When random writes occur in MFR, a data sharing request of the same slot may occur within a similar amount of time. On the other hand, vector writes perform in such a way that both sequential writes and random writes continue to add data to the end using the same mechanism, so performance is the same in both cases. If random read occurs after random write, the overall performance is lower than when random read occurs after sequential write, but the trend of the result is the same.
That is, the performance of MFR is about 4.2× better than that of RocksDB with Skiplist, and the result of RocksDB with vector is so slow that the results could not be obtained even after more than a day. a) Sequential write & random read (b) random write & random read.
Various Value Sizes
Sync
For example, in the case of Ceph, the type of metadata can be distinguished by a key. Depending on the conversion method, the KV may be stored in the MFR in a somewhat sorted form based on the key.
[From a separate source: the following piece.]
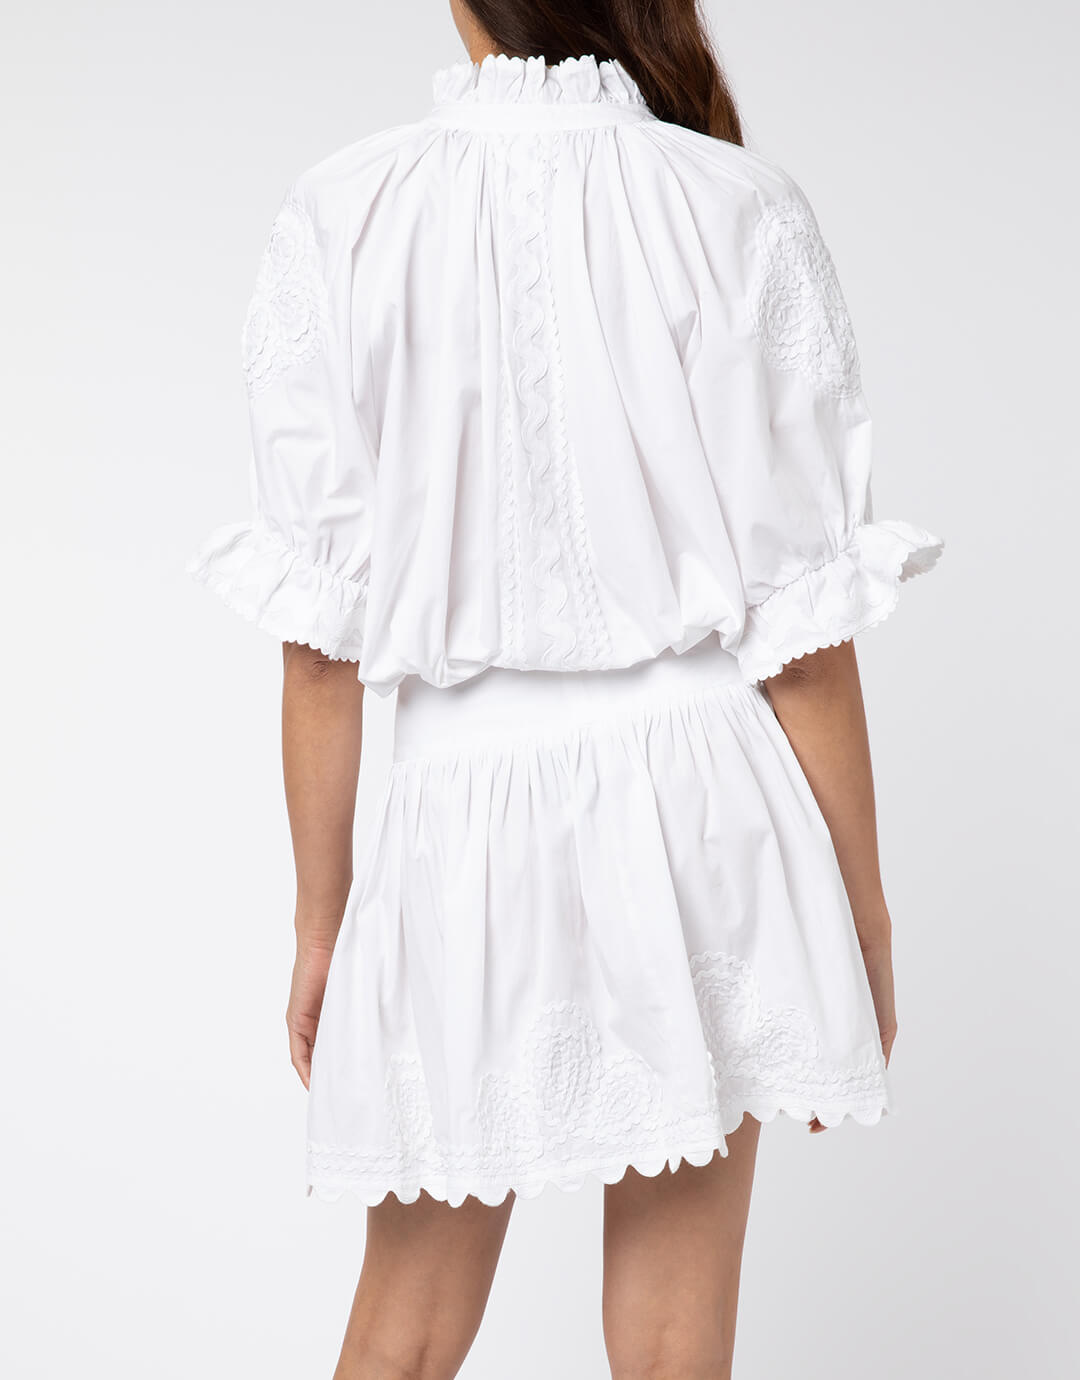 Poplin Blouson Dress with Ric-Rac Embroidery - White - Simply Beach UK

However, the overhead of WAL used to guarantee data consistency in the LSM-based KV store is too great.
If the WAL is synchronized for each operation to ensure consistency in the existing RocksDB, the performance of the proposed system is good, about 20∼43×. Arpaci-Dusseau, “All File Systems Are Not Created Equal: On the Complexity of Creating Crash-Consistent Applications,” in 11th USENIX Symposium on Operating System Design and Implementation (OSDI 14). Patt, “Metadata update performance in file systems,” in The First Symposium on Operating System Design and Implementation (OSDI 94).
Grider, "MDHIM: A parallel Key/Value Framework for HPC," i 7. USENIX Workshop om Hot Topics in Storage and File Systems. Tilgængelig: https://www.usenix.org/conference/fast20/presentation/yang [15] db_bench, "db_bench," https://github.com/facebook/rocksdb/wiki/Benchmarking-tools. Amvrosiadis, "Filsystemer uegnede som distribuerede lagerbackends: Lessons from 10 years of ceph evolution," i Proceedings of the 27th ACM Symposium on Operating Systems Principles, ser.